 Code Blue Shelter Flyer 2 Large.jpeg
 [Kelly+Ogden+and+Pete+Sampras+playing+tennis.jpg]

════════════════

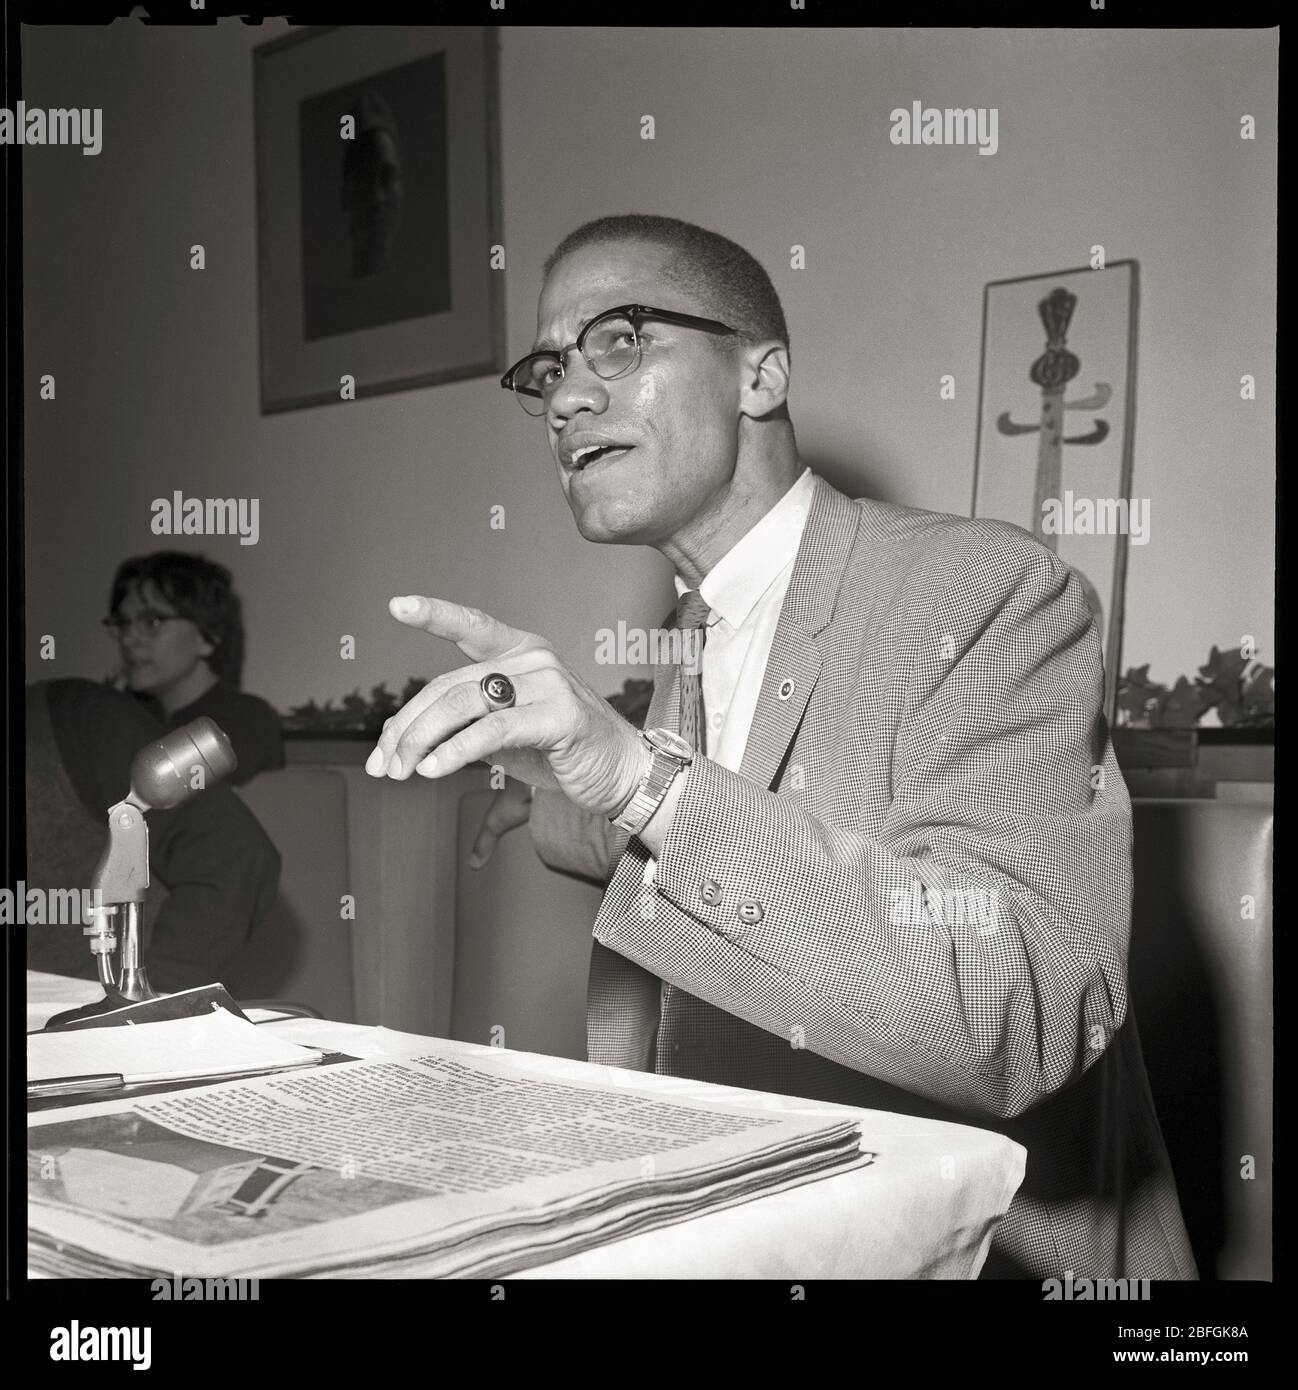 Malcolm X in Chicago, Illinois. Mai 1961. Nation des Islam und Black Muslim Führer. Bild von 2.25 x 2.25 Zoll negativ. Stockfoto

════════════════

Retype only the lines above between the line with "Code Blue Shelter Flyer 2 Large.jpeg" and the line with "[Kelly+Ogden+and+Pete+Sampras+playing+tennis.jpg]", counting those two lines as well, and keep every character as it is.

 Code Blue Shelter Flyer 2 Large.jpeg
 [Kelly+Ogden+and+Pete+Sampras+playing+tennis.jpg]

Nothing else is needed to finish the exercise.